The skirts. One gal, to the right, seems to have a pleated skirt. I can see the folds and the pressed pleats fairly well. How deep are the pleats? I can tell based on the pressed edges they are not very deep at all.  . . Almost shallow. How many pleats are there? I have no idea.  The other gal, on the left, I cannot tell much about her skirt. There does appear to be some sort of seam or may be a pleat edge but I cannot tell for certain.  As for the length. . .Because they are not standing we cannot know for certain how long these skirts are but if I had to guess about knee length or past. That was the 40s standard. Like the blouses mentioned above, finding a skirt that would be appropriate to wear for an event should not be too difficult. Like the blouses, a period skirt is not hard to make, patterns are abundant, and if buying one . . they are plentiful. Some tips for a period skirt - past the knee in length (no further than mid calf), choose a plain solid color (easy to wear with other things) in a light weight wool or even a good cotton. Why wool? The lion's share of original skirts I have come across have been a wool or a fabric very similar to it. Wool also has a very attractive drape as well which looks really good on the human figure. 

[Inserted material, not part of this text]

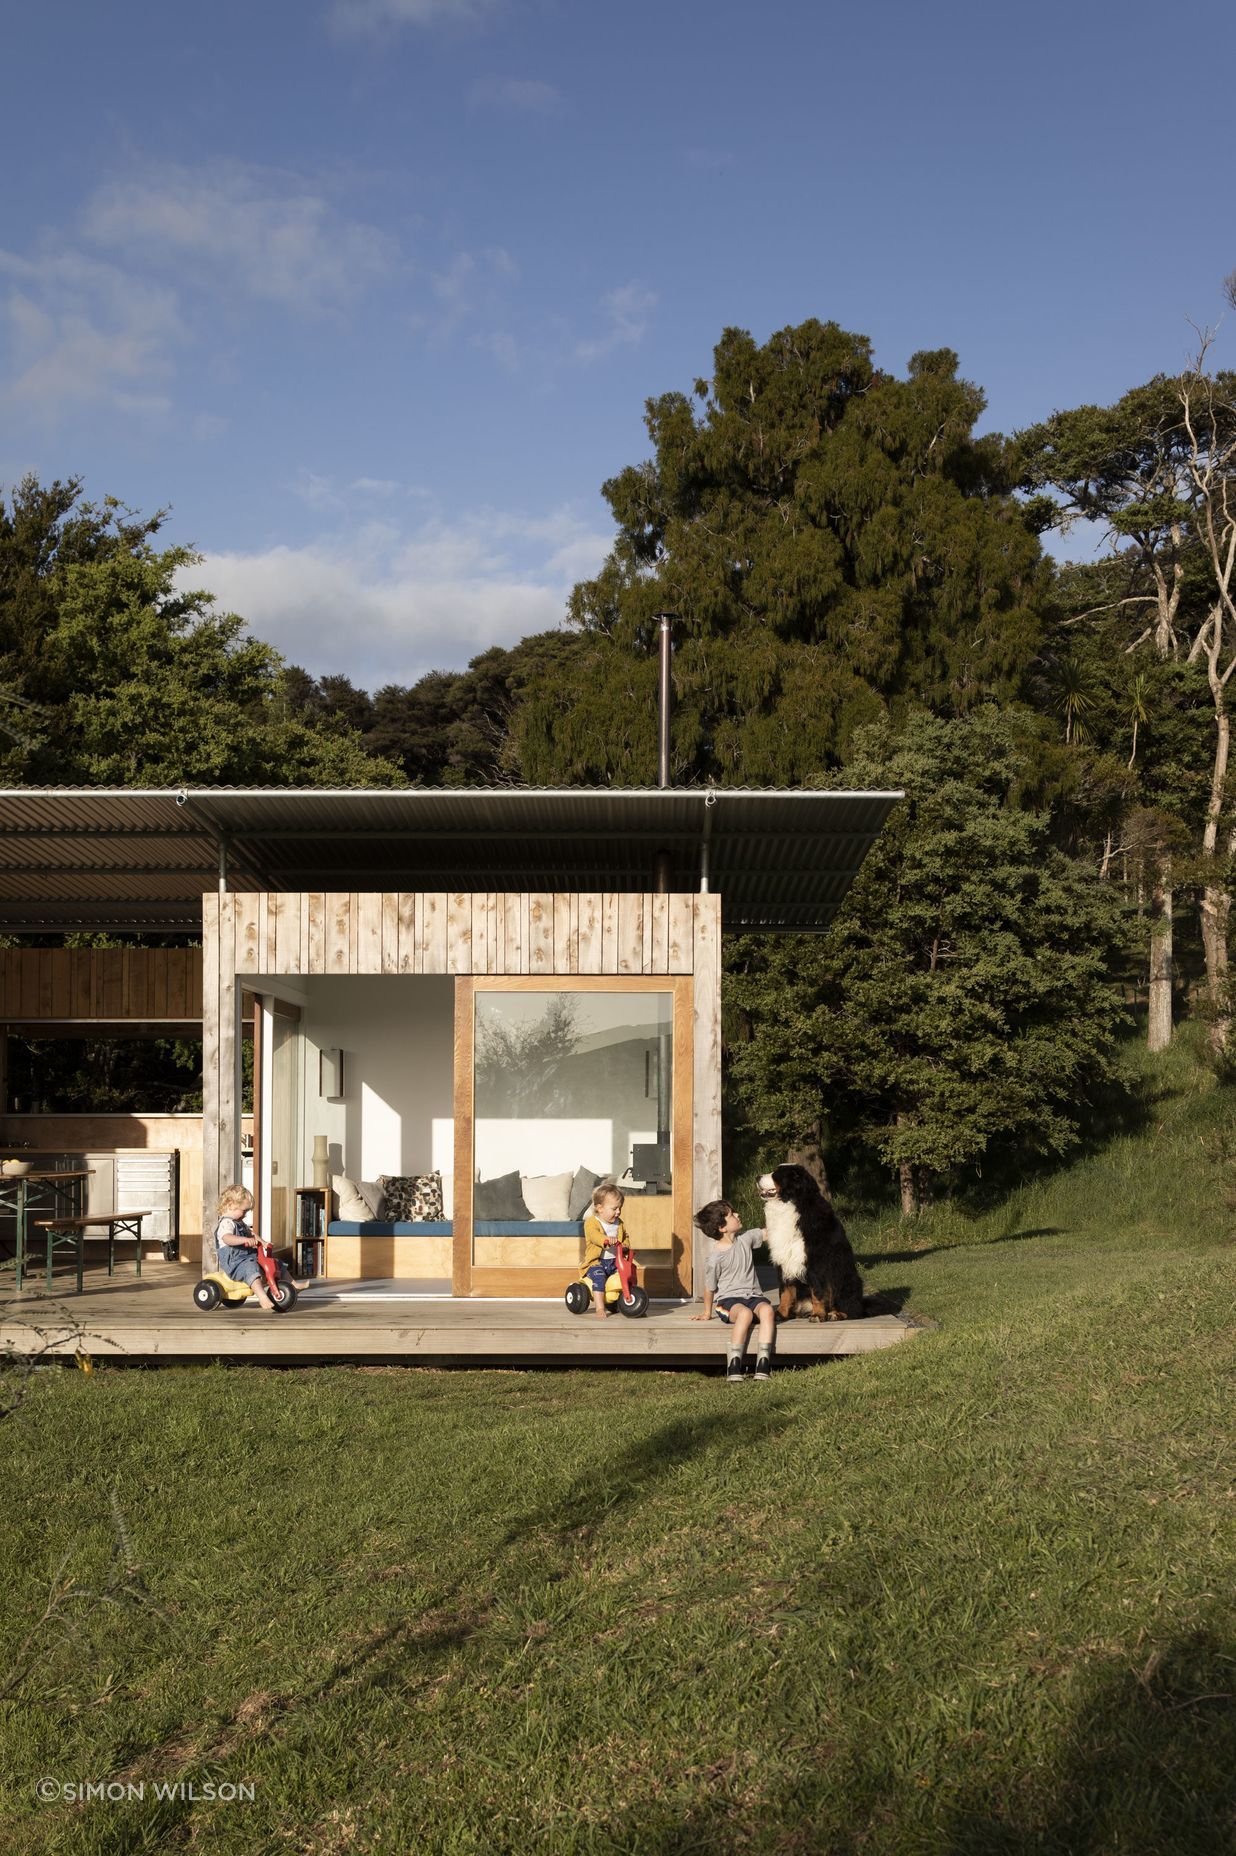 Designed by Patchwork Architecture for a rural property.

Hair. Let's talk hair dos shall we? I going to start with the girl on the left because we have a fabulous view of her hair from the back and the side. I  can see that the hair on her front looks like it was swept and pinned into a pomp which was secured at the sides by combs (maybe barrettes). The back of the hair has this amazing texture to it and I am guessing that may be her natural hair texture or else it was crimped.  To get it for yourself synthetically  I am thinking you will need a lot of product and some very good tools. If this is not her natural hair, she may have used a crimping tool which was used in the previous decades to get desired waves and bumps. You can still find period crimping tools here and there or else use the more modern equivalents. 

For the girl on the right, her hair is much more simple. Her hair looks like it has larger curls or waves. Is side parted, secured at the sides and then left down. Much easier to execute.  That hair could be her natural hair or it could be curled. If you do no have naturally curly hair and want to pull of this look then you will need to find a way to curl your hair.